What are the Benefits to Eating Duck Eggs?

  • Duck eggs stay fresher longer, due to their thicker shell.
  • Duck eggs are richer, with more albumen, which makes cakes and other pastries fluffier.
  • Duck eggs have more Omega-3 fatty acids.
  • People who cannot eat chicken eggs, due to allergies, can often eat duck eggs.

What About Nutrition?

I’ve read several articles on the nutrition of a duck egg. This article by Local Harvest claims duck eggs have twice the nutrients of chicken eggs. The information is debatable, though. When it comes down to the finer nutrients, such as Vitamin A, D, E, etc., duck eggs follow the same rule as chicken eggs: It depends on what the bird eats.

If you only allow your ducks to eat poultry food, the eggs will not be as healthy as if the ducks are allowed to eat plants like algae, spinach or grass. This is why eggs from backyard chickens are healthier than store-bought eggs. And this is how a farm-fresh duck egg can be healthier than an egg from ducks that don’t have a varied diet.

Duck Egg Fact FAQ

I’ve heard that duck eggs are alkaline. Is that true? I’ve heard this claim as well. As far as the duck egg itself: no, they’re not. The yolk is full of fat, and fat is an acid. Do they turn to alkaline in your body? So many health gurus claim they do, but I don’t know if enough research has been done on this topic to verify that.

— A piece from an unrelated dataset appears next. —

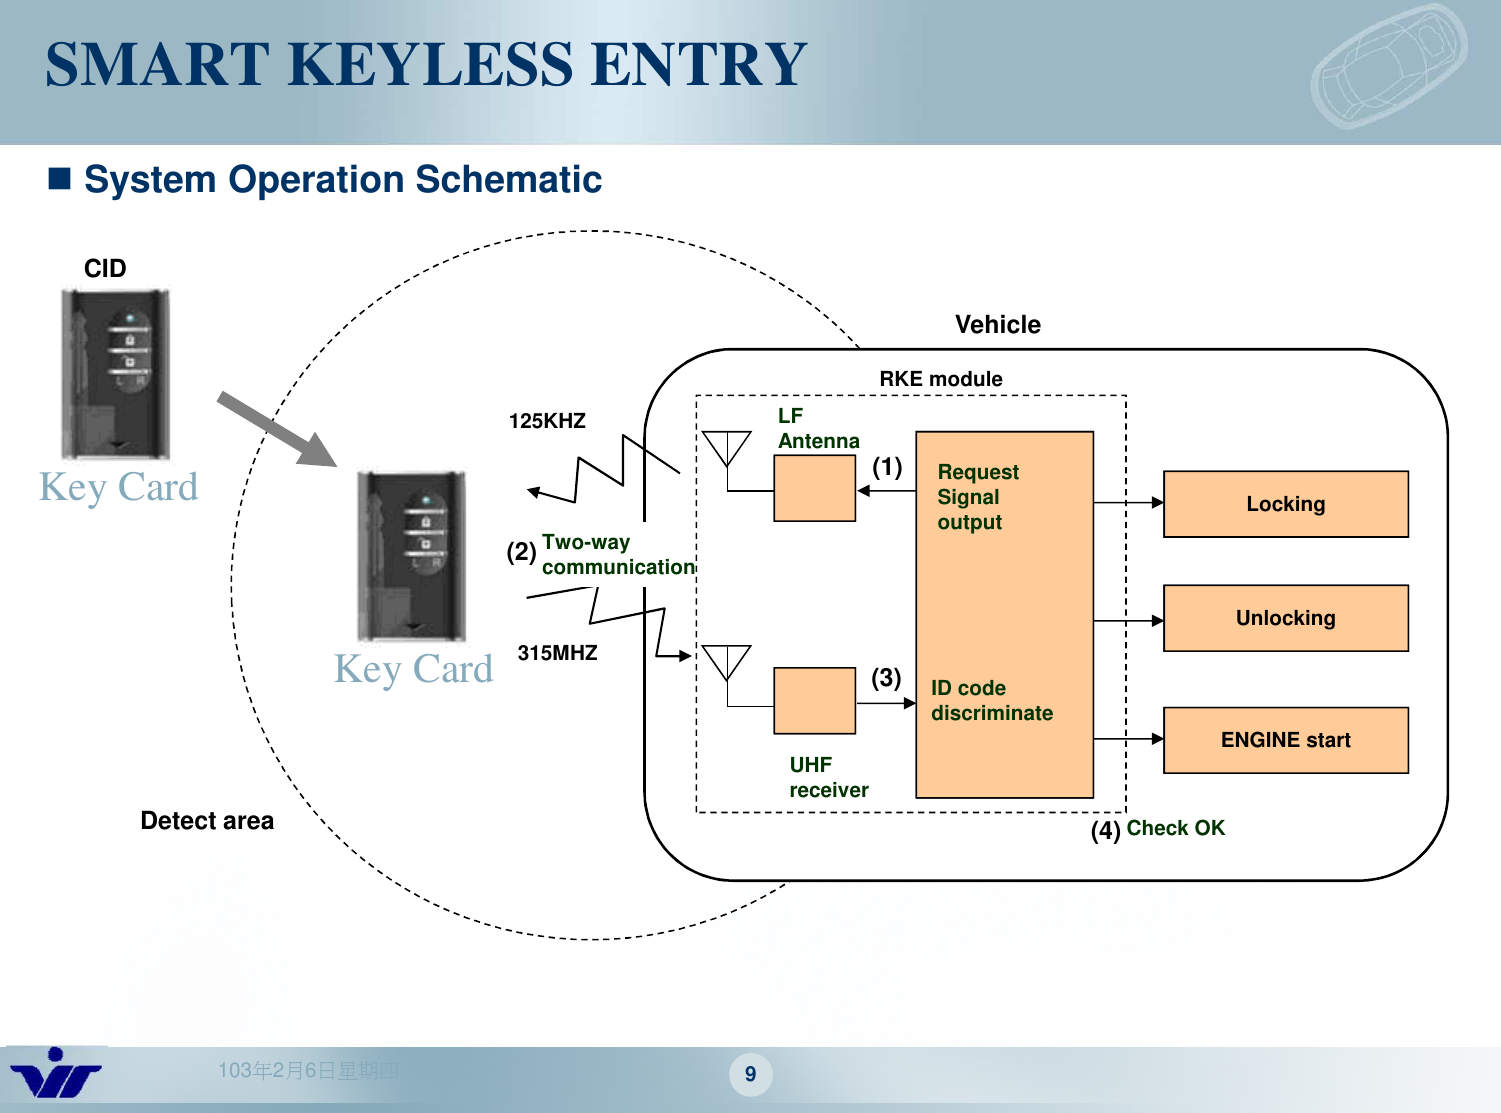 103年2月6日星期四 9SMART KEYLESS ENTRYRequest Signal outputRKE moduleLockingUnlockingENGINE startUHF receiverLF Antenna125KHZ315MHZ ID code discriminateTwo-way communicationCheck OKVehicle(1)(2)(3)(4)CIDDetect areaSystem Operation SchematicKey CardKey Card
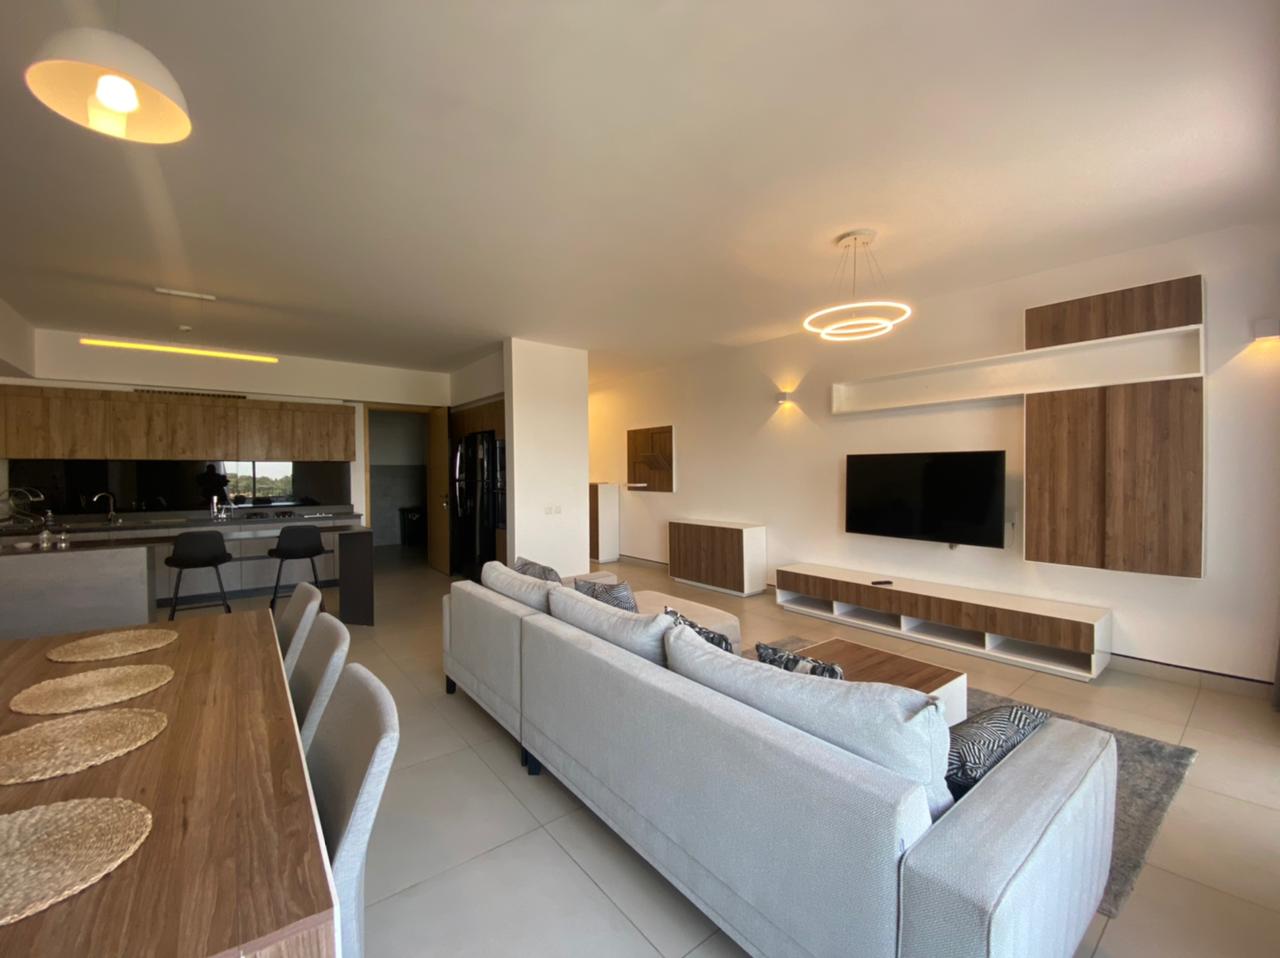 3 Bedroom Tastefully Furnished Apartment in Kilimani For Rent at Ksh265k (4)

Someone told me that duck eggs have no cholesterol. That person doesn’t know the nature of eggs very well, do they? All egg yolks have cholesterol. Duck eggs have three times the cholesterol of a chicken egg. If you love duck eggs but are concerned about your health, try making an omelet with one duck egg and two duck egg whites.

Do duck eggs taste like chicken eggs? Not exactly. Most fans of duck eggs describe them as richer and creamier. Some say the flavor is stronger, some say it’s lighter. The strength of flavor can often depend on the duck’s diet.

Where do I buy duck eggs, and are duck eggs expensive? If you’re near rural areas or know people with backyard flocks, wheedle them for a few eggs. Expect to pay more. If you go to a health food store, expect to pay a lot more. But if you keep ducks in your yard, expect to pay less. The food-to-egg ratio for the highest laying ducks is even lower than that of a chicken.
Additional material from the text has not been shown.